There must be something about the calisthenics of jazz drumming that generates high-performance longevity. Jimmy Cobb, who kept the time on Miles Davis' seminal album "Kind of Blue," is still going strong at 85. And Roy Haynes will probably celebrate his 90th birthday next year by gigging with his band.
By those standards, Billy Hart is a mere young'un at 73. It only seems like he's been around forever.
After more than 50 years of providing invaluable support to dozens of artists on hundreds of recordings — including extended stints with Jimmy Smith, Herbie Hancock, McCoy Tyner and Stan Getz — the irony is that Hart has never enjoyed a higher profile than he does today.

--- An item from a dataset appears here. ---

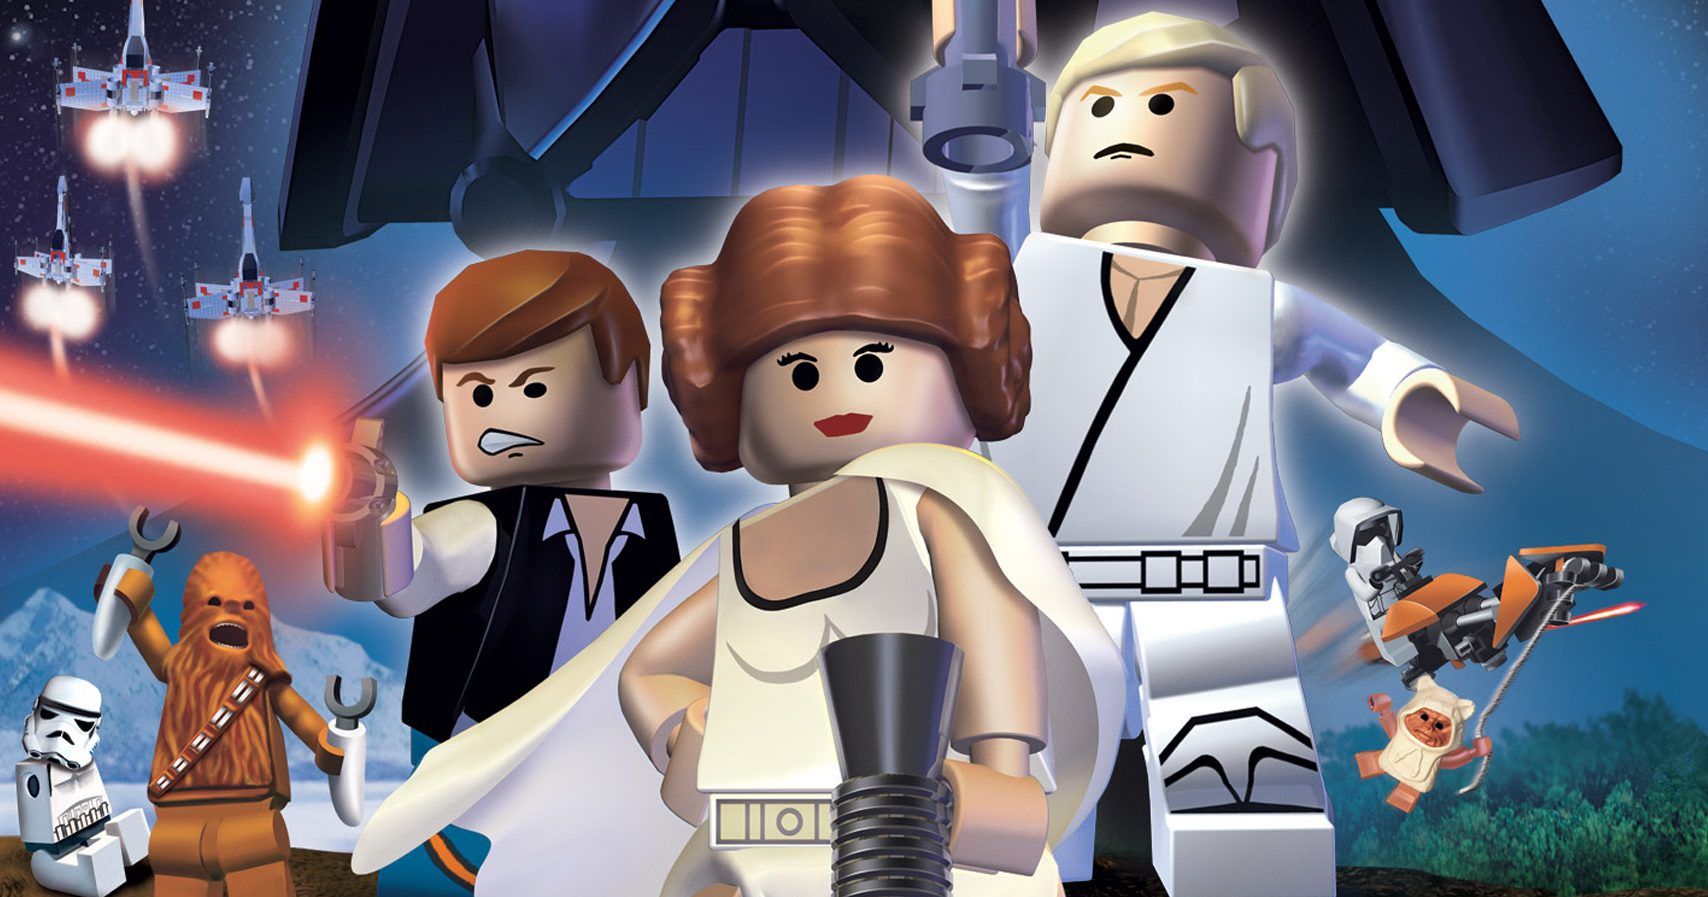 Jedi Fallen Order Isn’t The Only Upcoming Star Wars Game  Another Lego Game Is In The Works
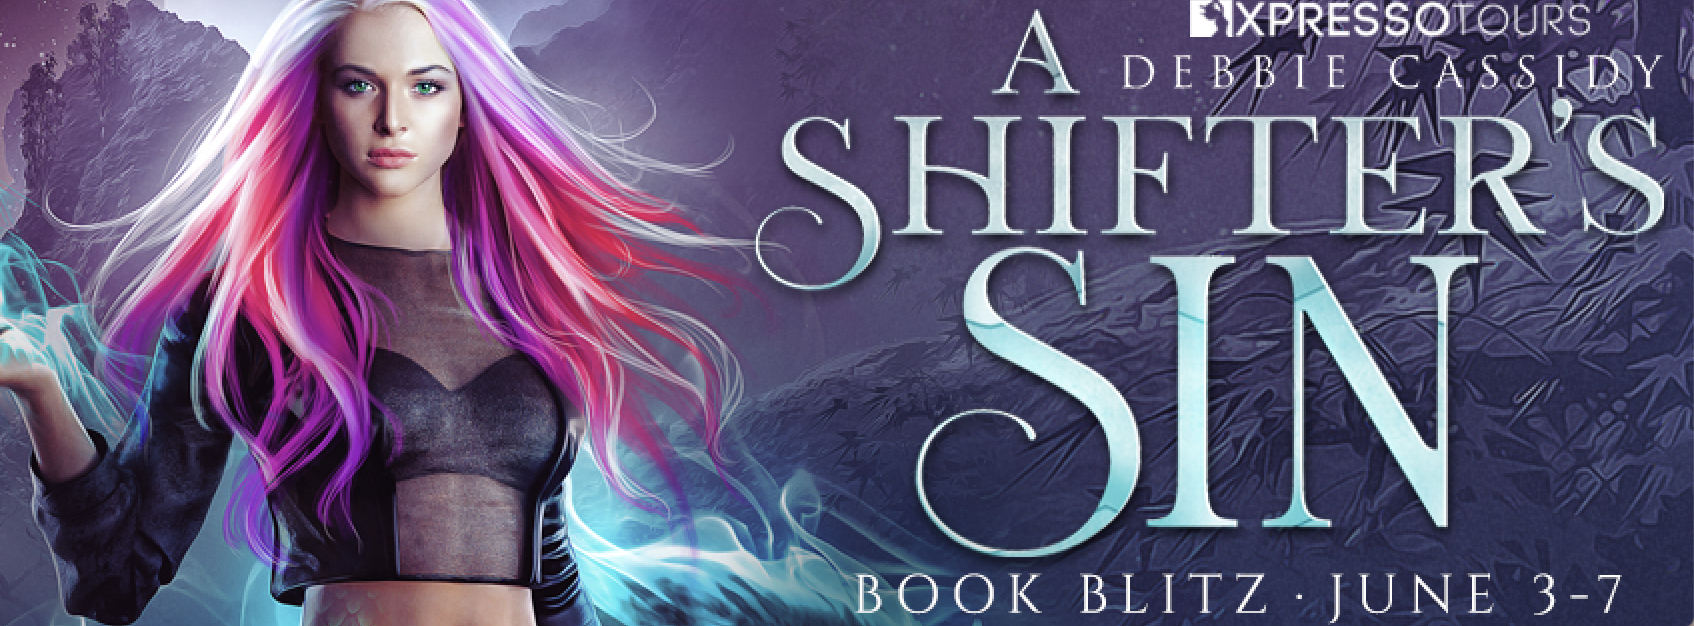 A Shifter’s Sin by Debbie Cassidy – Blitz & Giveaway

"Yeah, at a time in life when most people's situations are mellowing, mine is intensifying," Hart says, and you can almost hear his wry smile over the phone.
His recent good fortune stems from the success of the Billy Hart Quartet, which has released two acclaimed albums on the ECM label in the past three years and is currently engaged in a world tour that stops next Sunday at the Dakota Jazz Club in Minneapolis.
The quartet is distinguished by a subtly unique approach to the classic interplay of bebop. The music is quietly forceful yet shorn of bombast, with a sense of open-ended, and open-minded, possibility that's grounded in trust, self-assurance and tradition.
These virtues are rooted in the cross-generational respect and generosity of spirit that exists between Hart and his three forty-something cohorts.
"Everything Billy plays is authentic," says quartet pianist Ethan Iverson, best known as a member of the Minnesota-rooted post-modern jazz trio the Bad Plus. "By authentic, I mean that while Billy has his own way of playing, he also comes out of something distinctive.